> [Instructions for the task]:
Quote the material exactly from the line that contains "cô gái độc thân" through its last line. Any pictures are to be left out.

> [Provided material]:
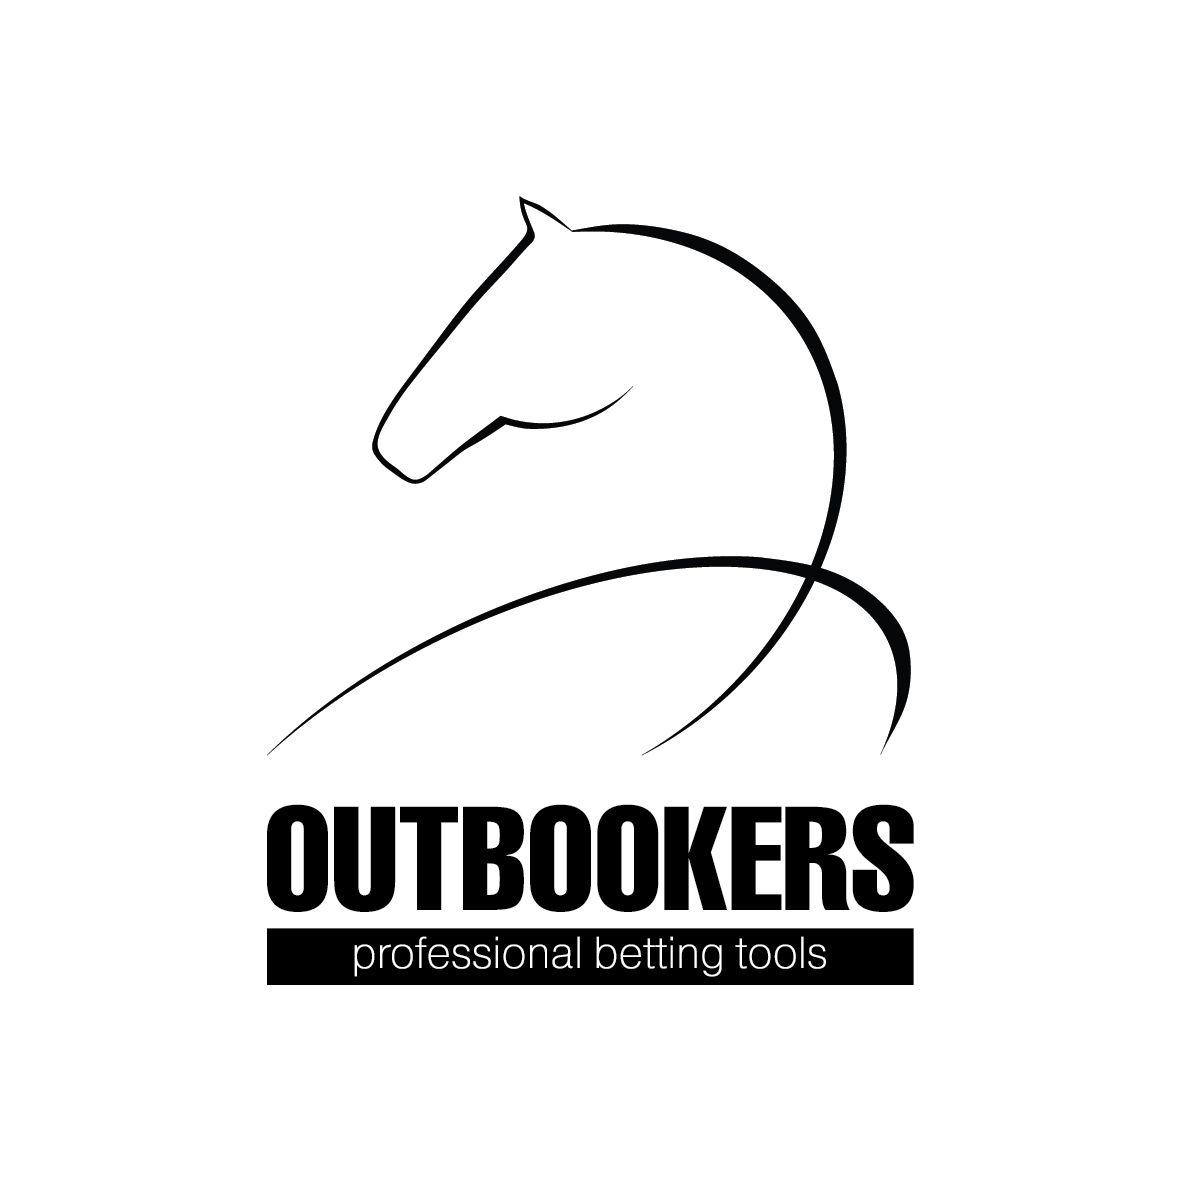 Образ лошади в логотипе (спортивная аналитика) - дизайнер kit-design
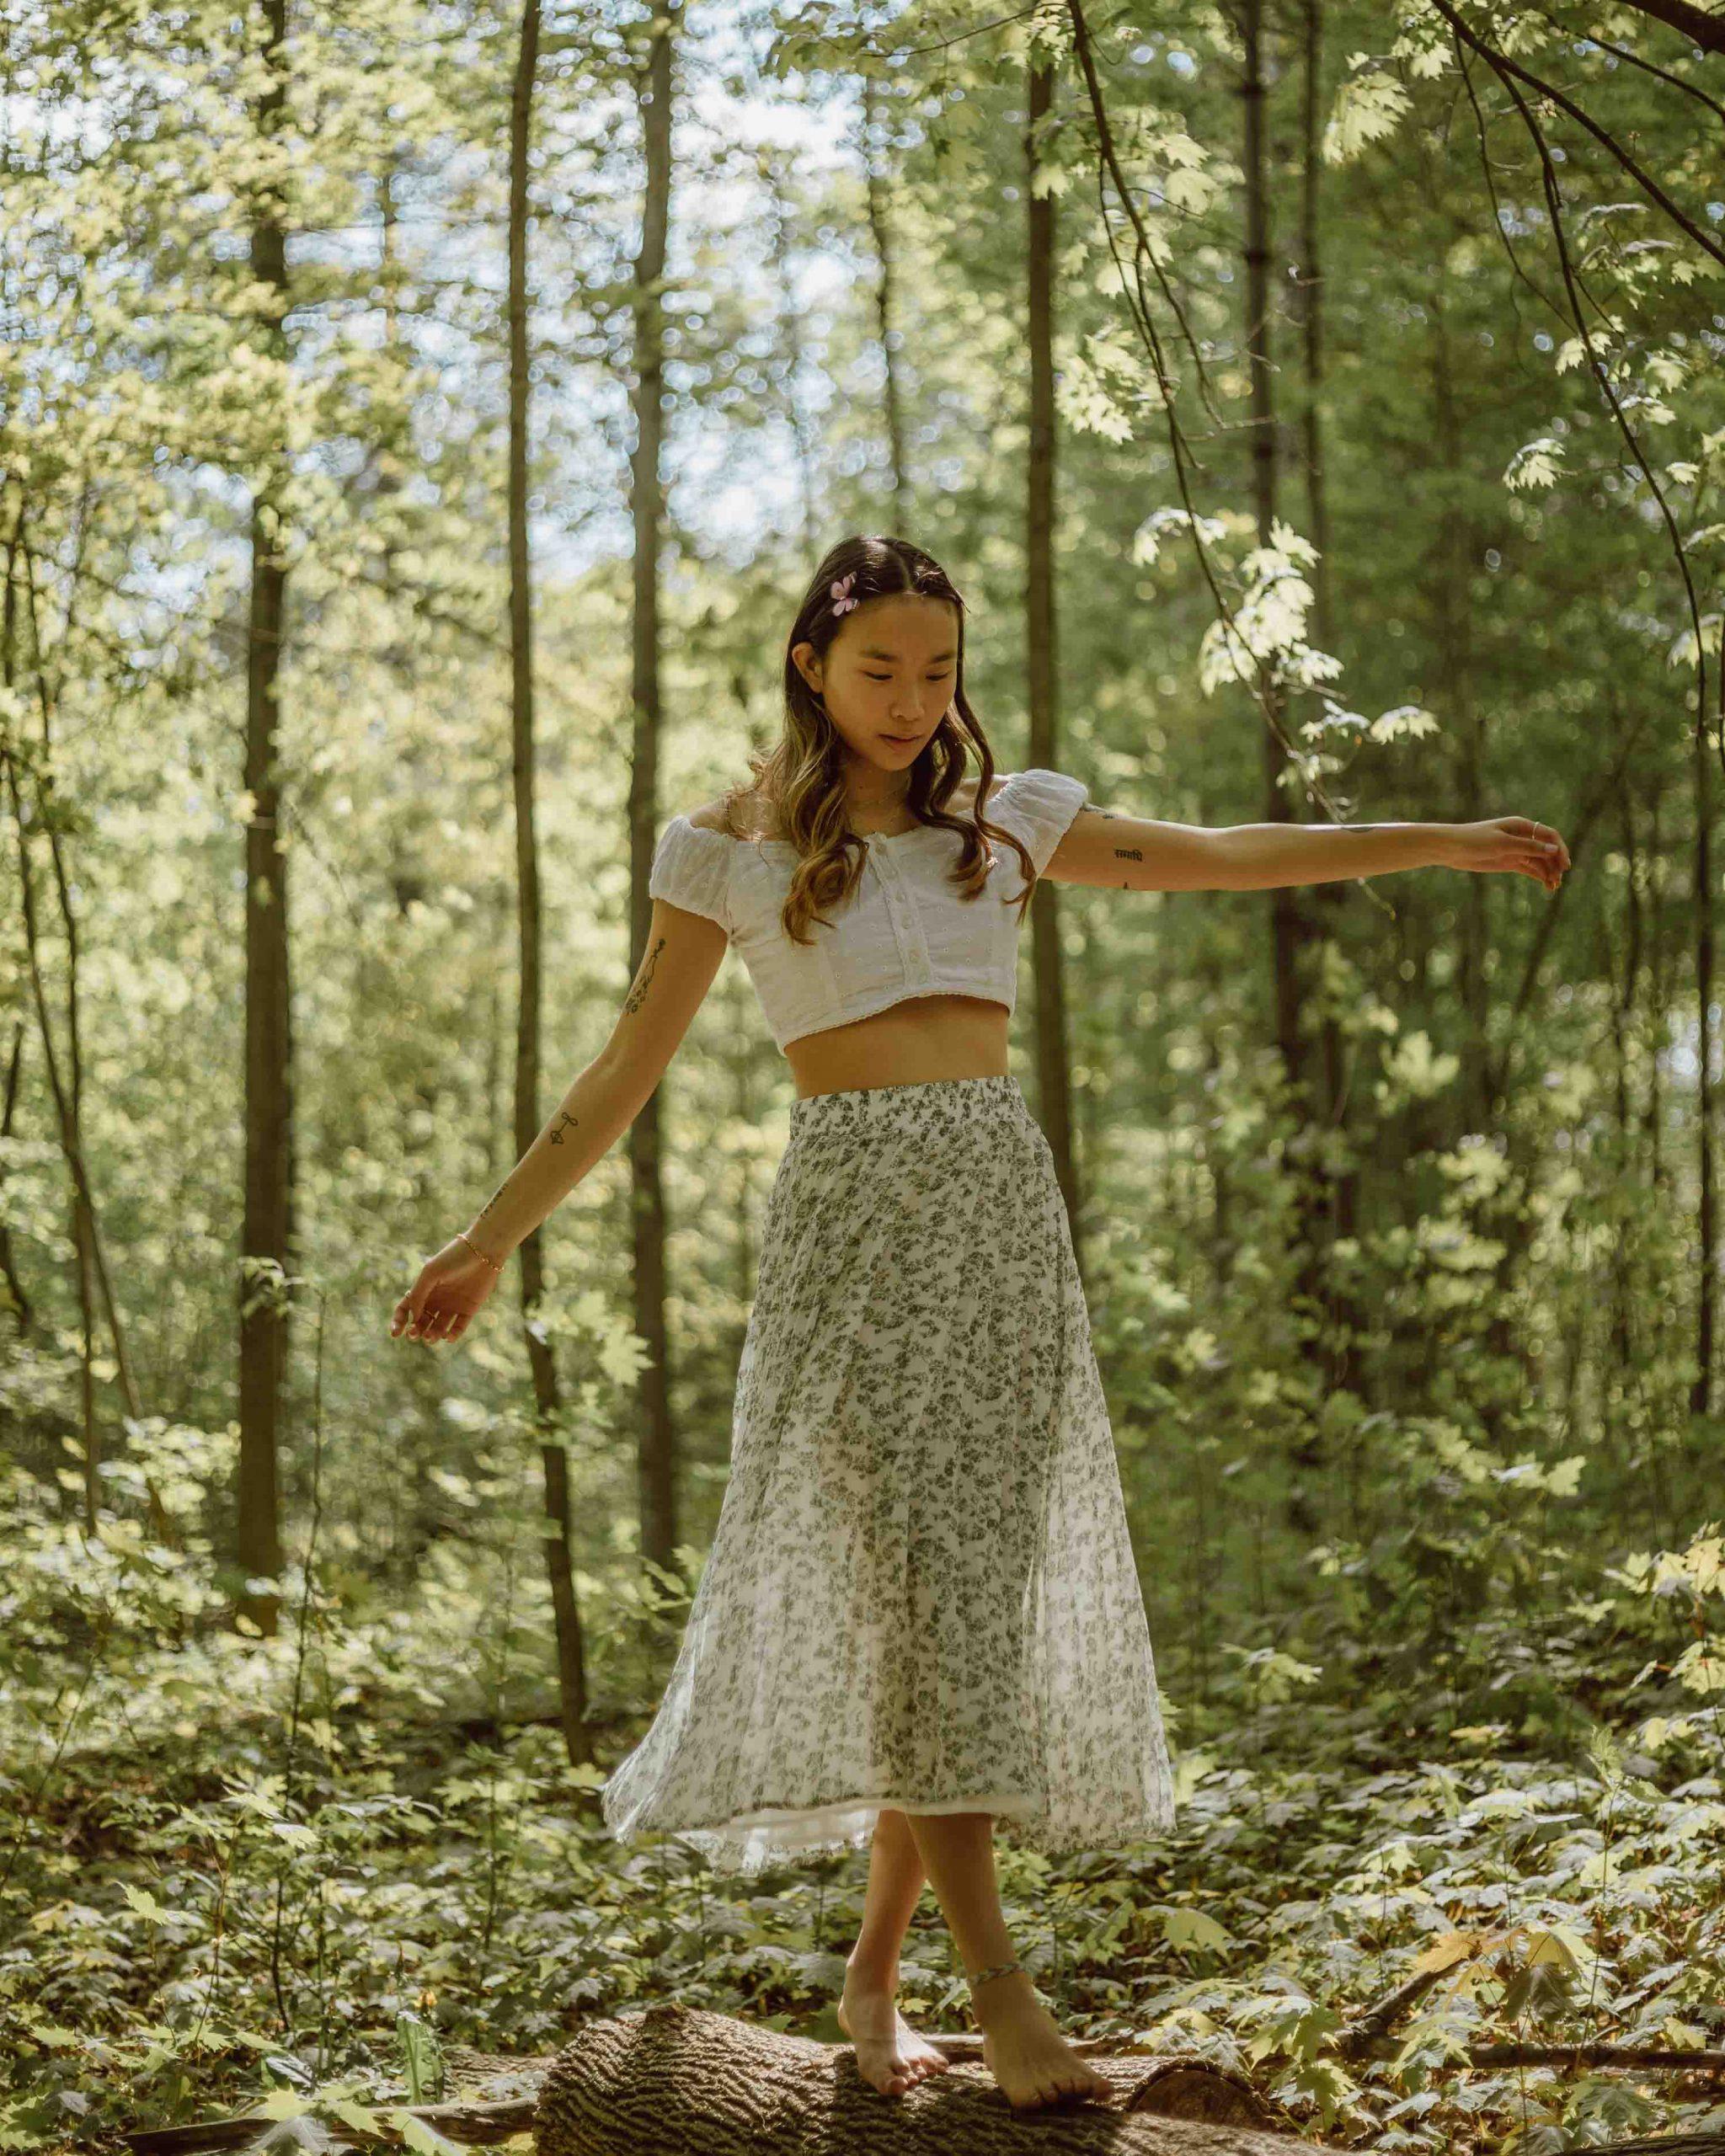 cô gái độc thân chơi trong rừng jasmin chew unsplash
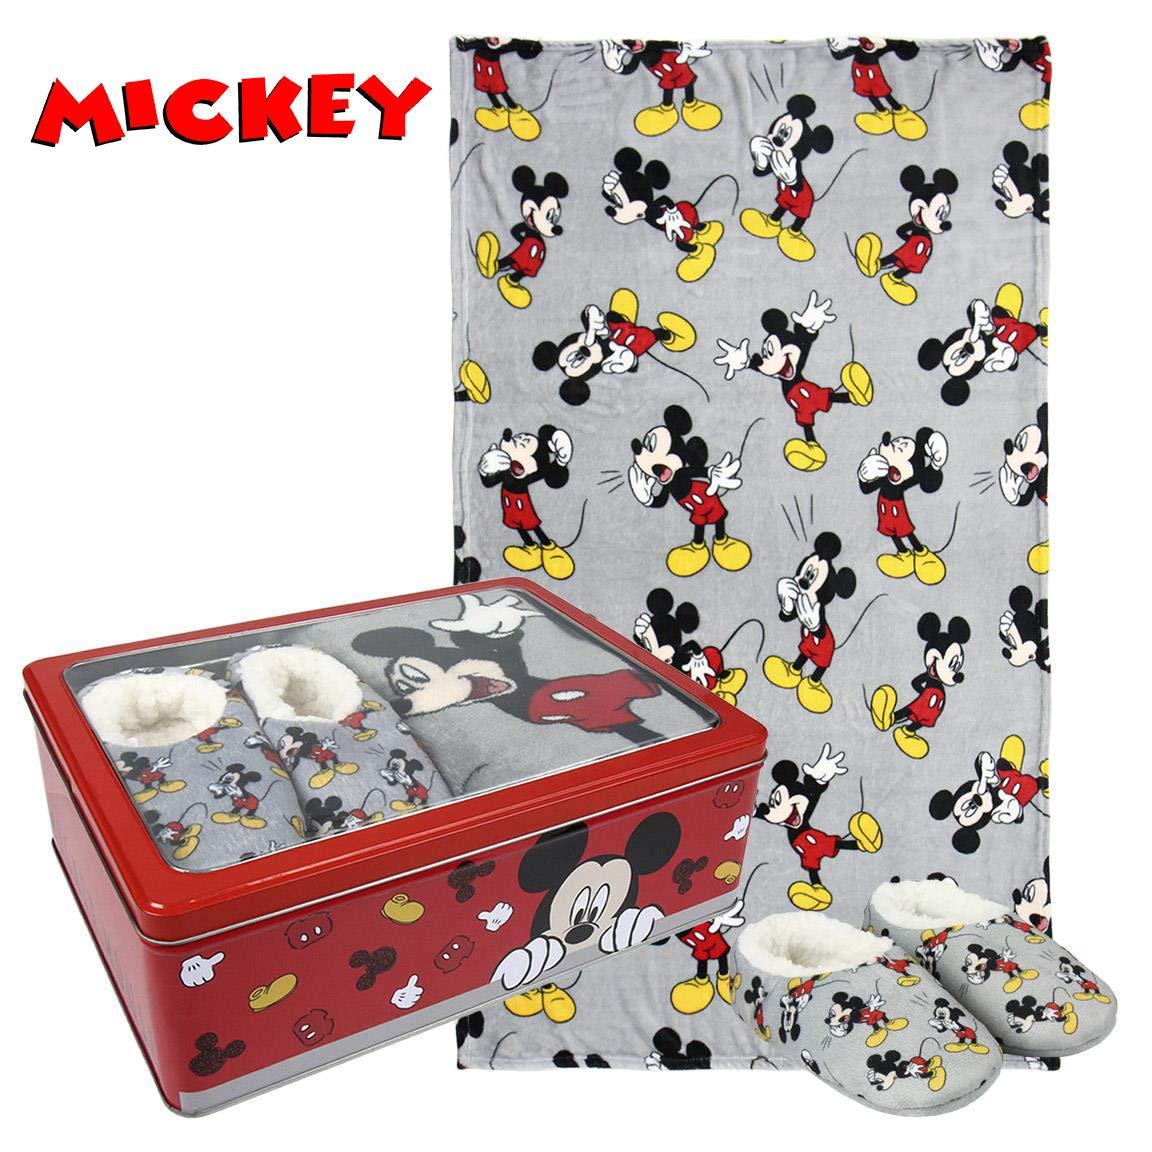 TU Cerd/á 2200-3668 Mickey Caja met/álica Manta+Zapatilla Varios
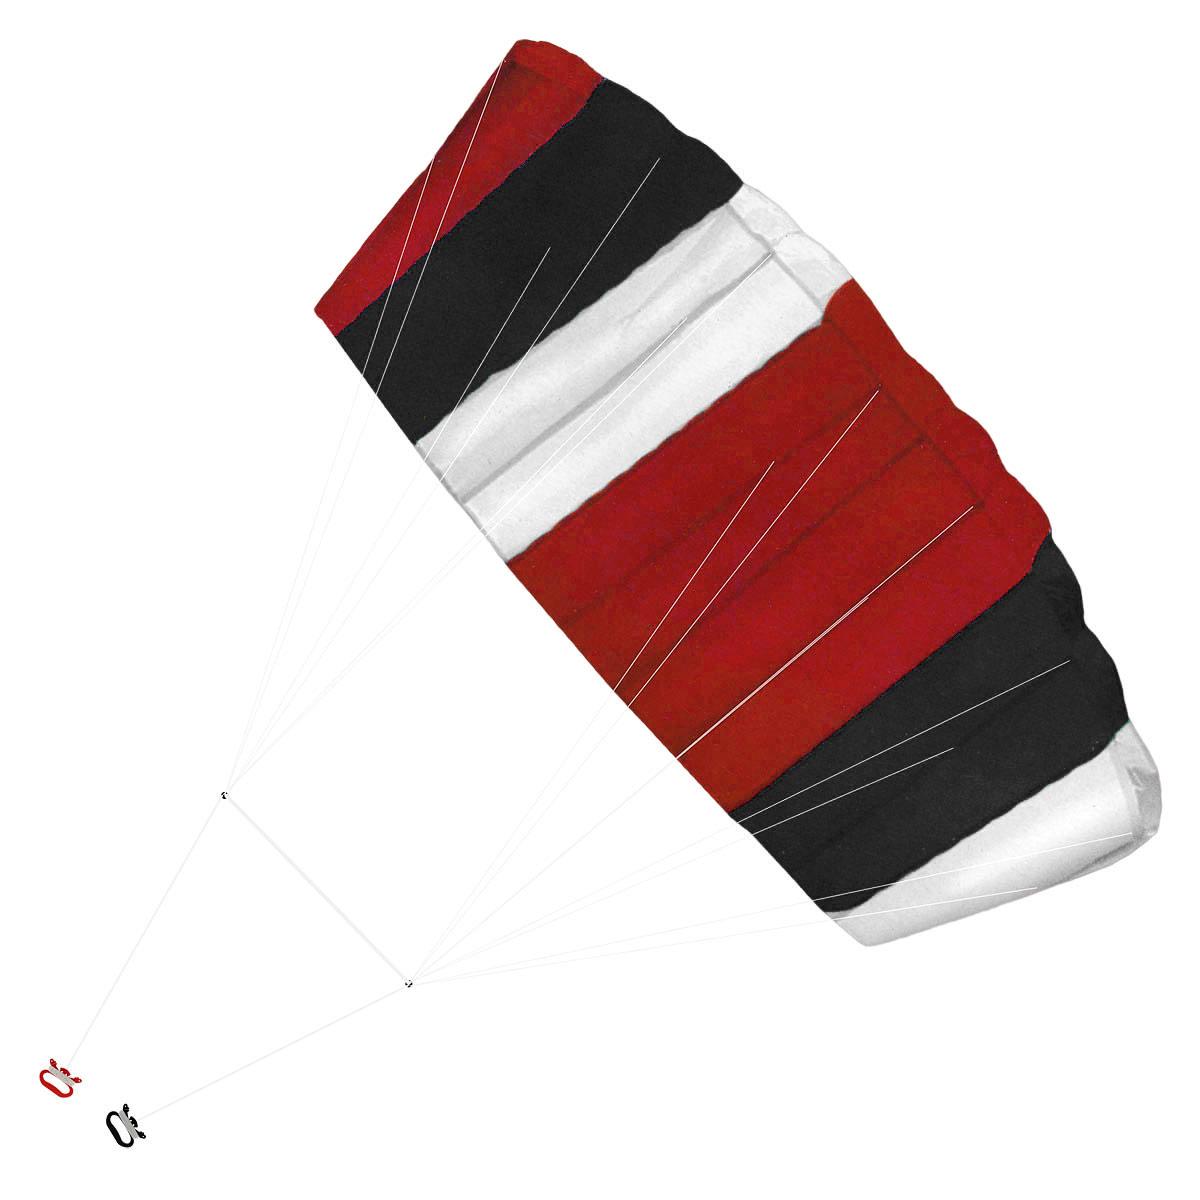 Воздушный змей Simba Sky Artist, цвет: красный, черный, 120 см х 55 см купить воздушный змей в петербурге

> [Your response]:
 cô gái độc thân chơi trong rừng jasmin chew unsplash
 TU Cerd/á 2200-3668 Mickey Caja met/álica Manta+Zapatilla Varios
 Воздушный змей Simba Sky Artist, цвет: красный, черный, 120 см х 55 см купить воздушный змей в петербурге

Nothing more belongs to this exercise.